If a class is accessed outside its package, provide accessor methods.

If a class is package-private or is a private nested class, there is nothing inherently wrong with exposing its data fields.

Minimise mutability

An immutable class is simply a class whose instances cannot be modified. Immutable classes are easier to design, implement, and use than mutable classes. They are less prone to error and are more secure.

  1. Don’t provide methods that modify the object’s state (mutators).
  2. Ensure that the class can’t be extended.
  3. Make all fields final.
  4. Make all fields private.
  5. Ensure exclusive access to any mutable components.

Returning new objects on operations is known as functional approach because methods return the result of applying a function to their operand, without modifying it. Contrast it to the procedural or imperative approach in which methods apply a procedure to their operand, causing its state to change. Method names in immutable objects are prepositions (such as plus) rather than names (such as add).

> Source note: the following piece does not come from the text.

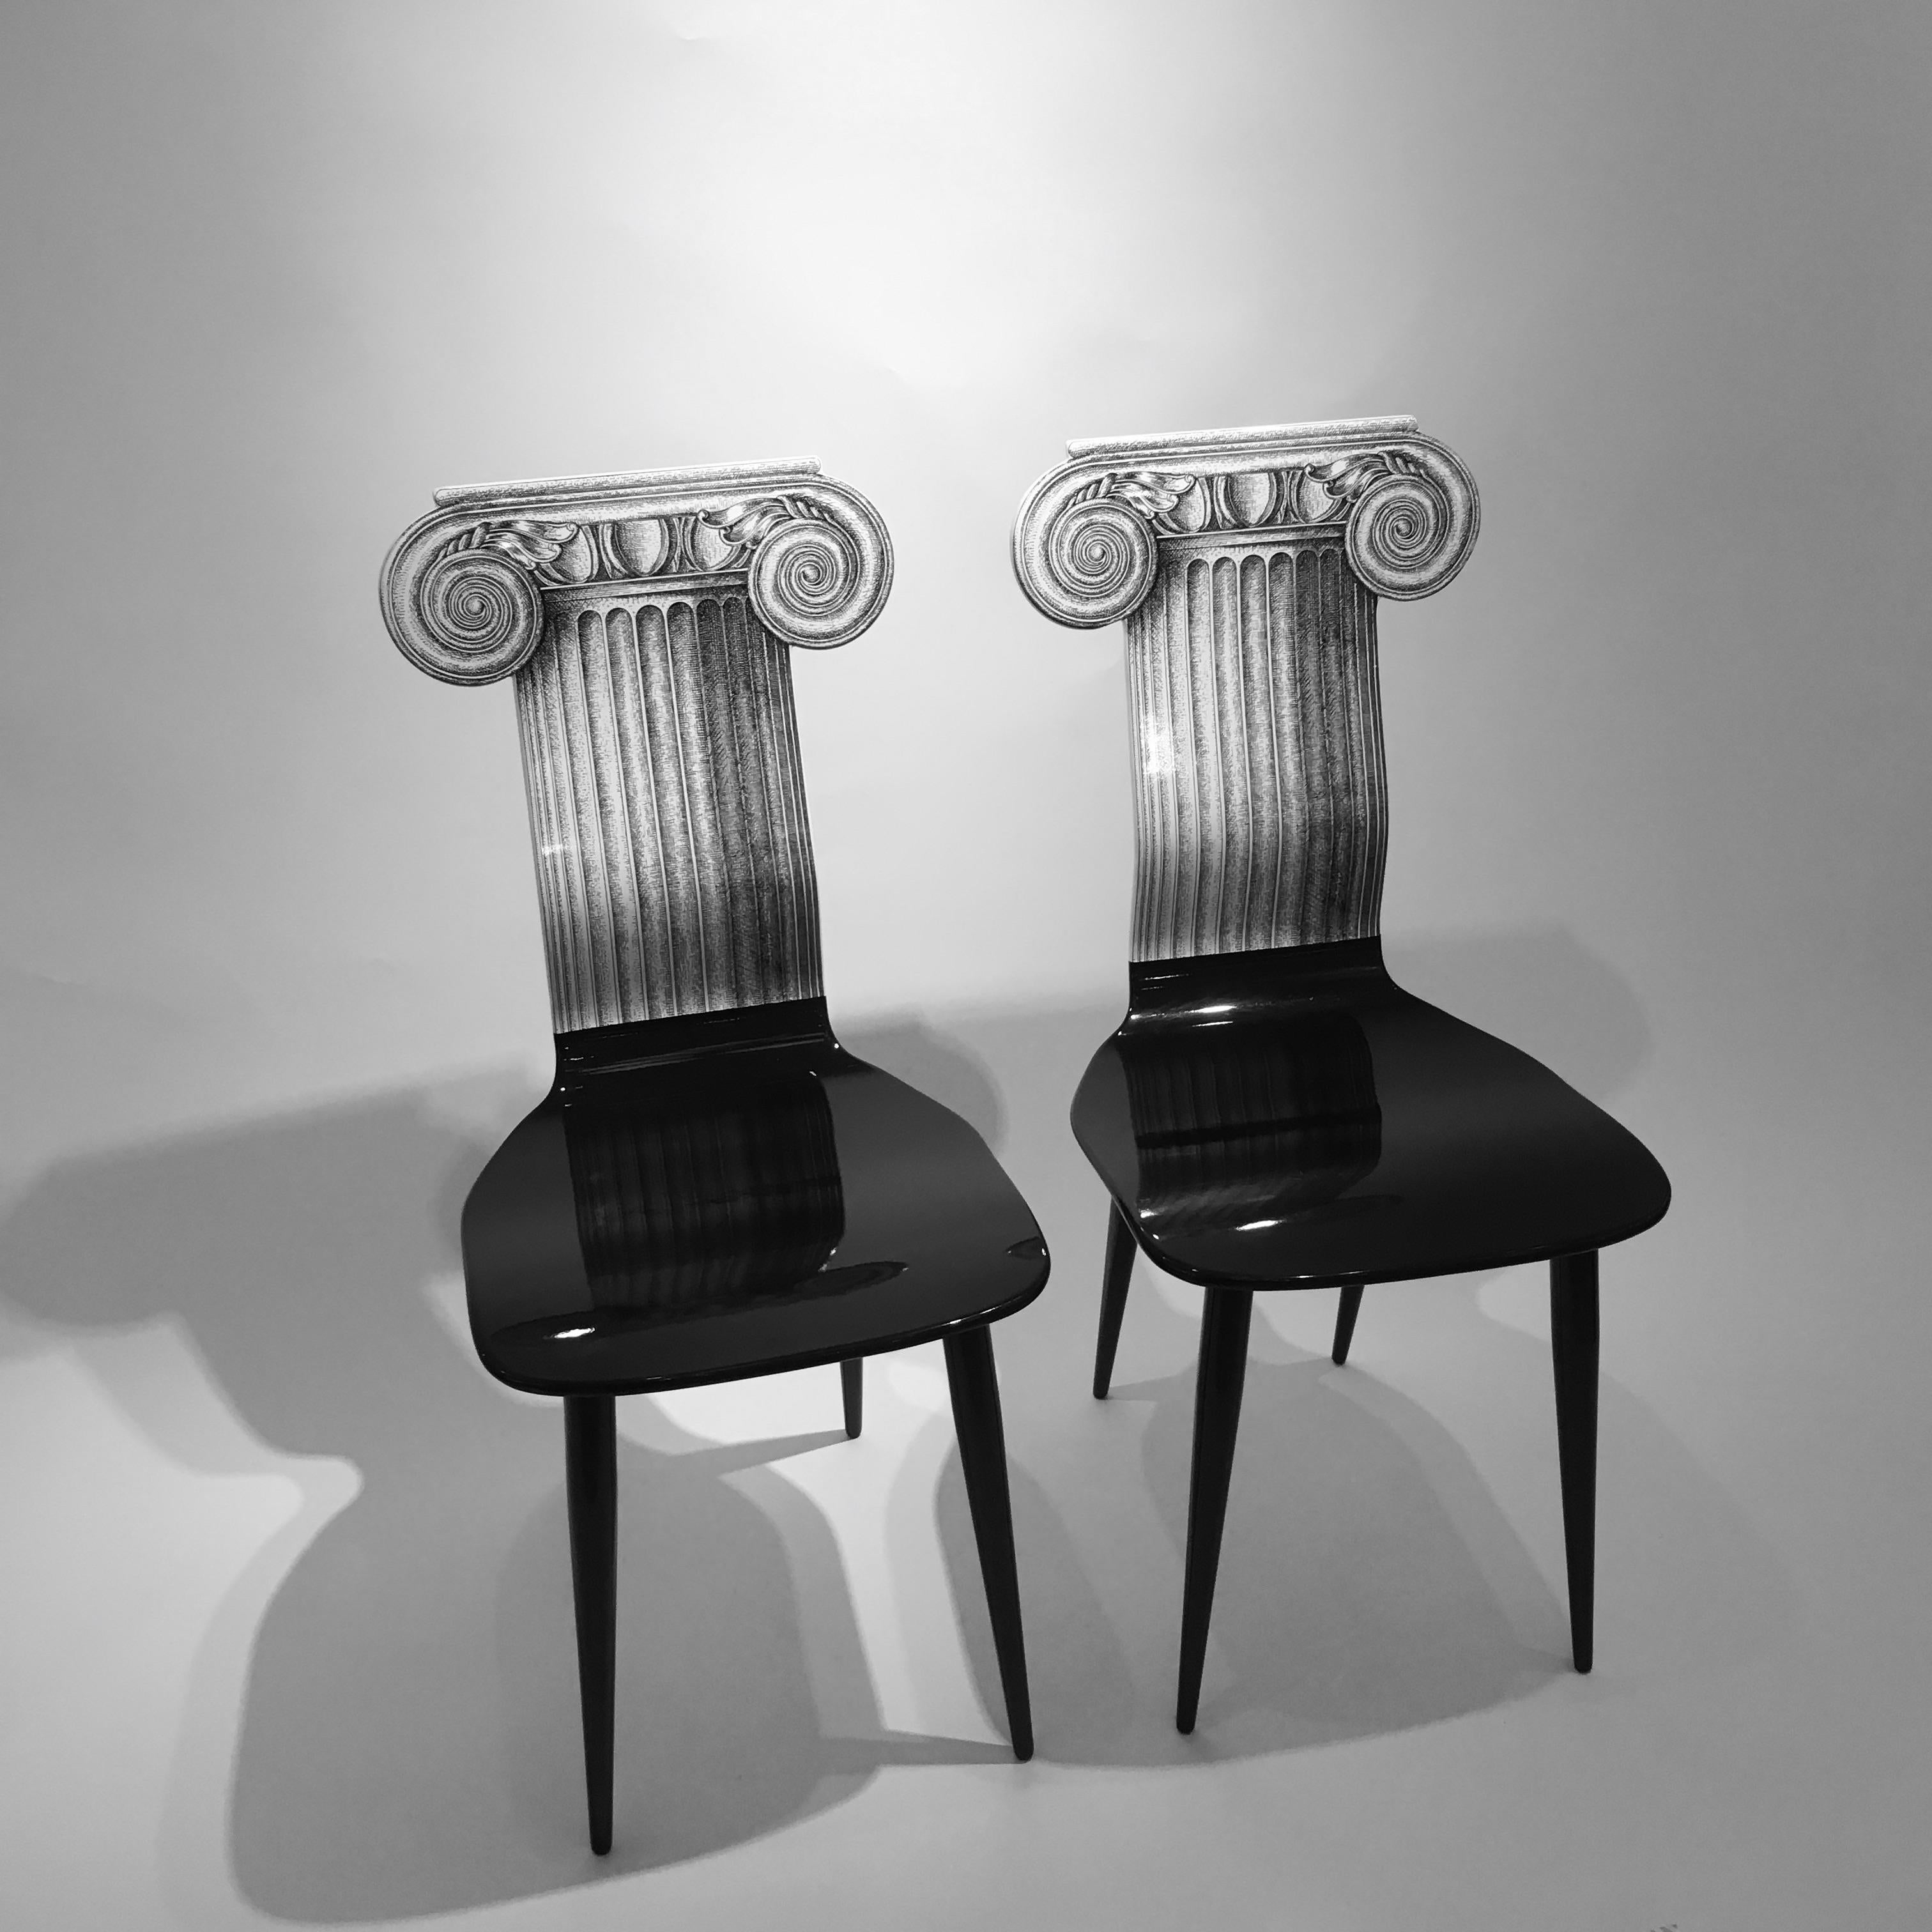 Wood Piero Fornasetti 'Capitello Ionico' Chair in Black and White, Italy, circa 2006 For Sale

Advantages of immutable objects:

  • Simple.
  • Inherently thread-safe; they require no synchronisation.
  • Can be shared freely.
  • Not only you can share immutable objects, but they can share their internals.
  • Make great building blocks for other objects.
  • Provide failure atomicity for free. There is no possibility of temporary inconsistency.

The main disadvantage immutable objects have is that they require a separate object for each distinct value.

Classes should be immutable unless there’s a very good reason to make them mutable.

If a class cannot be made immutable, limit its mutability as much as possible. Declare every field private final unless there’s a good reason to do otherwise.

Constructors should create fully initialised objects with all of their invariants established.

Favour composition over inheritance

Using inheritance inappropriately lead to fragile software. It is safe to use inheritance within a package where programmers have classes and subclasses under control. It is safe to use inheritance when extending classes specifically designed and documented for extension.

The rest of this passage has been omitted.